Secondly, we apply pushing to the problem of testing equivalence. The currently fastest algorithm [DHM11] for checking equivalence of two deterministic weighted tree automata $M$ and $M^{\prime}$ runs in time $\mathcal{O}\bigl{(}\lvert M\rvert\cdot\lvert M^{\prime}\rvert\bigr{)}$ . It is well known that two minimal deterministic weighted tree automata $M$ and $M^{\prime}$ are equivalent if and only if they can be obtained from each other by a pushing operation (with proper pushing weights). In other words, equivalent automata $M$ and $M^{\prime}$ have the same transition structure, but their transition weights can differ by consistent factors.

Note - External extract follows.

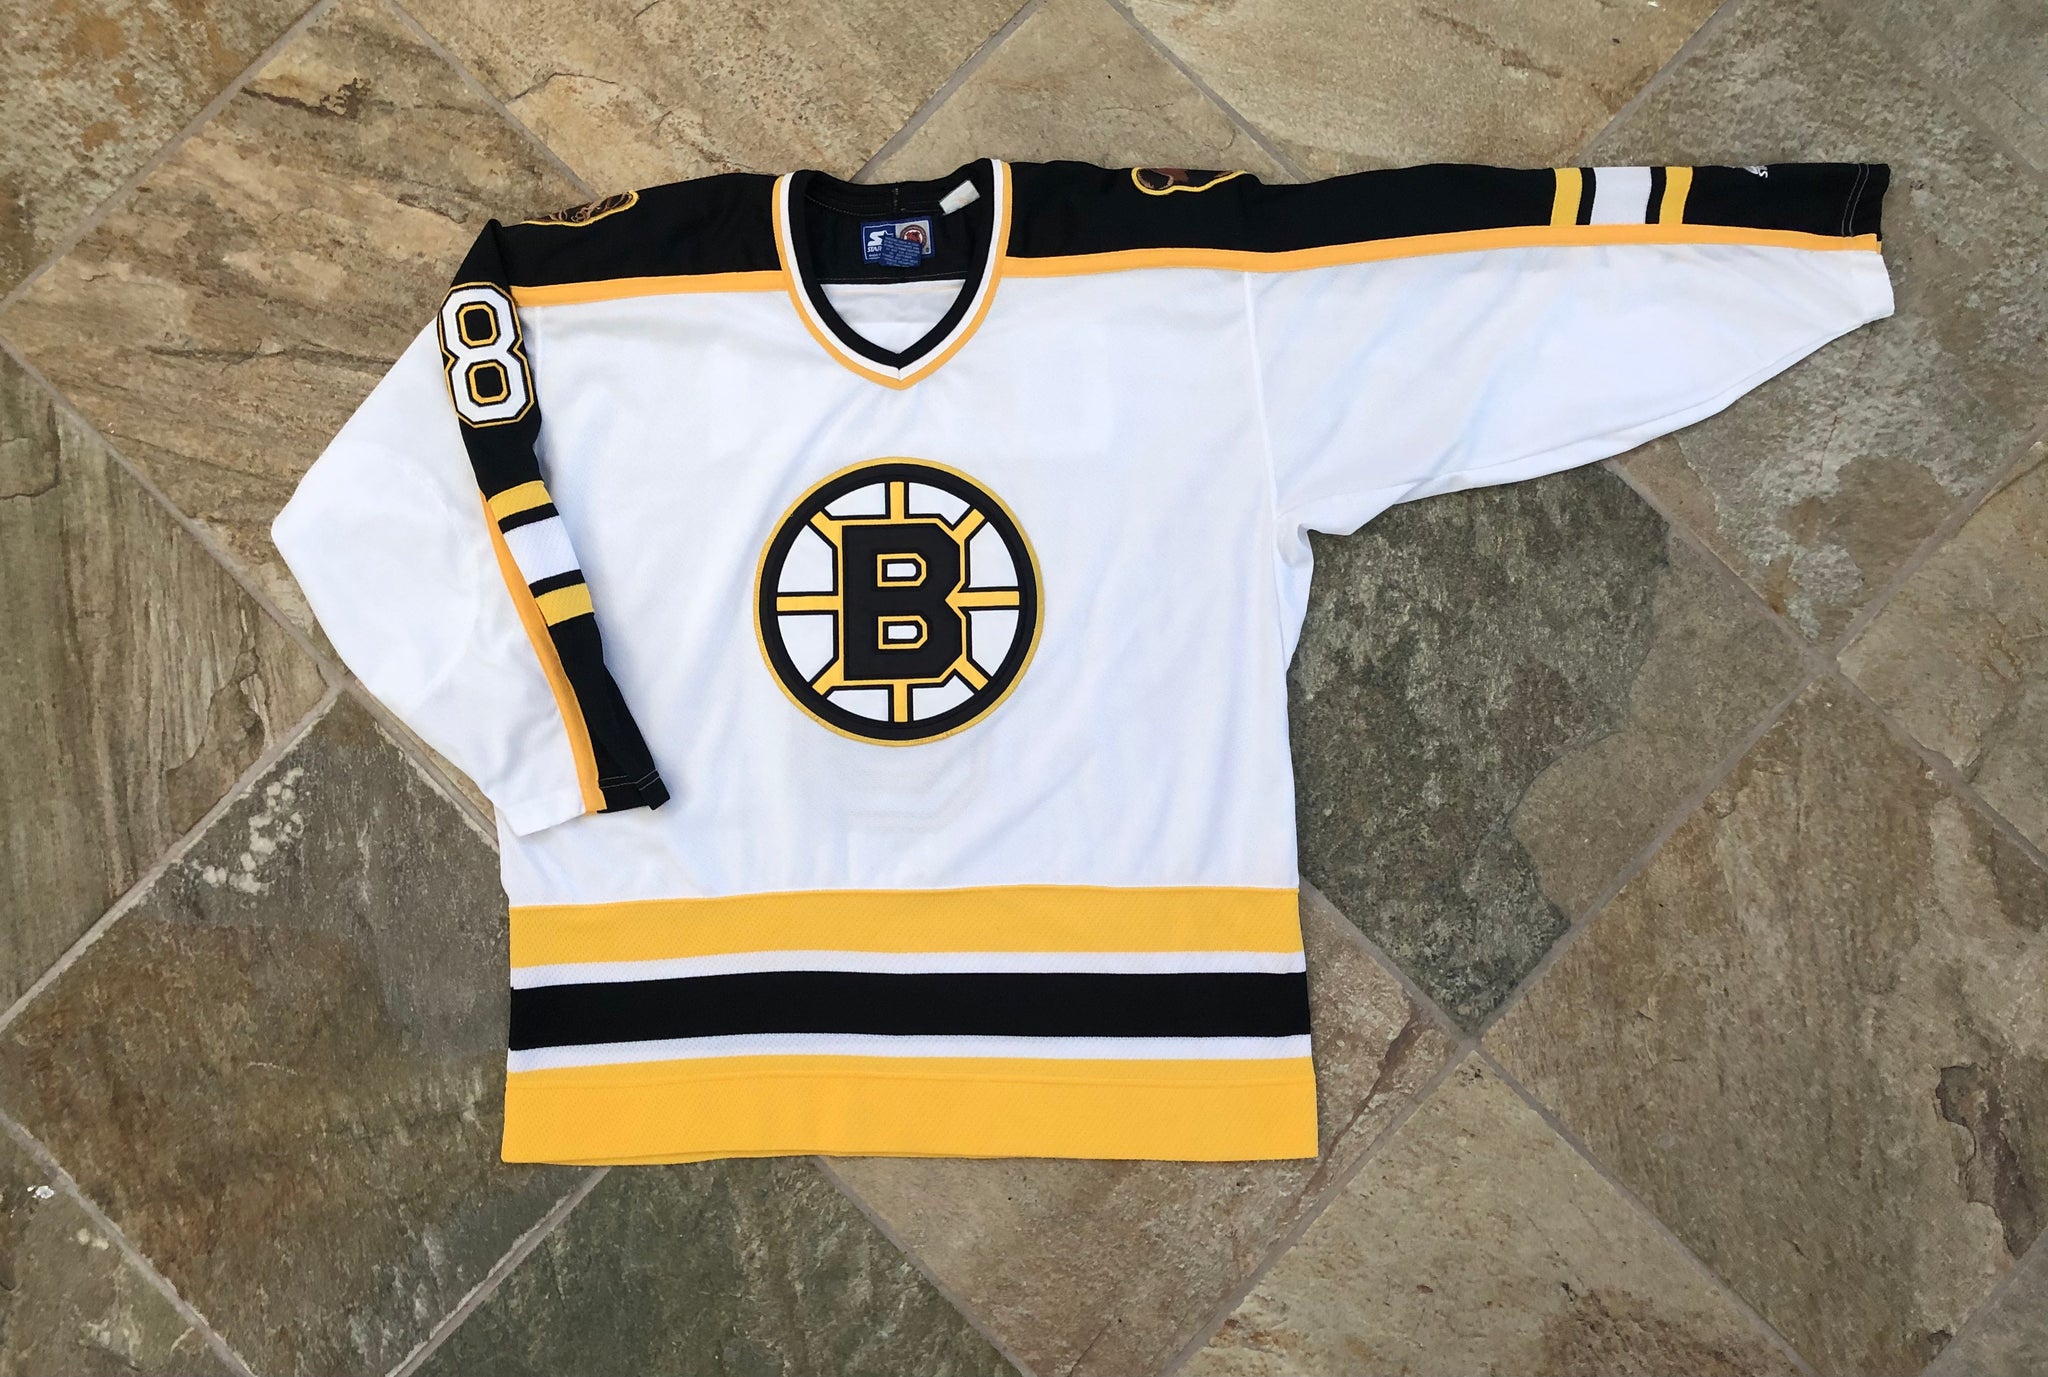 Vintage Starter Boston Bruins #4 NHL Hockey Jersey Black Yellow Size Medium

We extend our approach to minimization also to equivalence testing, so we again carefully determine the pushing weight and the sign of life of each state $q$ of $M$ such that it shares the sign of life with all equivalent states of $M$ but also with all corresponding states in $M^{\prime}$ . This allows us to minimize both input automata and then treat the obtained automata as unweighted automata and test them for isomorphism. This approach reduces the run-time complexity to $\mathcal{O}\bigl{(}(\lvert M\rvert+\lvert M^{\prime}\rvert)\log{(\lvert Q\rvert+\lvert Q^{\prime}\rvert)}\bigr{)}$ , where $Q$ and $Q^{\prime}$ are the states of $M$ and $M^{\prime}$ , respectively.

2. Preliminaries

We write ${\rm Nature}$ for the set of all nonnegative integers and $[1,u]$ for its subset $\{i\mid 1\leq i\leq u\}$ given $u\in{\rm Nature}$ . The $k$ -fold Cartesian product of a set $Q$ is written as $Q^{k}$ , and the empty tuple $()\in Q^{0}$ is often written as $\varepsilon$ . Every finite and nonempty set is also called alphabet, of which the elements are called symbols. A ranked alphabet $(\Sigma,\mathord{\operatorname{rk}})$ consists of an alphabet $\Sigma$ and a mapping $\mathord{\operatorname{rk}}\colon\Sigma\to{\rm Nature}$ , which assigns a rank to each symbol. If the ranking ‘ $\operatorname{rk}$ ’ is obvious from the context, then we simply write $\Sigma$ for the ranked alphabet. For each $k\in{\rm Nature}$ , we let $\Sigma_{k}$ be the set $\{\sigma\in\Sigma\mid\operatorname{rk}(\sigma)=k\}$ of $k$ -ary symbols of $\Sigma$ . Moreover, we let $\Sigma(Q)=\{\sigma w\mid\sigma\in\Sigma,\,w\in Q^{\operatorname{rk}(\sigma)}\}$ . The set $T_{\Sigma}(Q)$ of all $\Sigma$ -trees indexed by $Q$ is inductively defined to be the smallest set $T$ such that $Q\subseteq T$ and $\Sigma(T)\subseteq T$ . Instead of $T_{\Sigma}(\emptyset)$ we simply write $T_{\Sigma}$ . The size $\lvert t\rvert$ of a tree $t\in T_{\Sigma}(Q)$ is inductively defined by $\lvert q\rvert=1$ for every $q\in Q$ and $\lvert\sigma(t_{1},\dotsc,t_{k})\rvert=1+\sum_{i=1}^{k}\lvert t_{i}\rvert$ for every $k\in{\rm Nature}$ , $\sigma\in\Sigma_{k}$ , and $t_{1},\dotsc,t_{k}\in T_{\Sigma}(Q)$ . To increase readability, we often omit quantifications like “for all $k\in{\rm Nature}$ ” if they are obvious from the context.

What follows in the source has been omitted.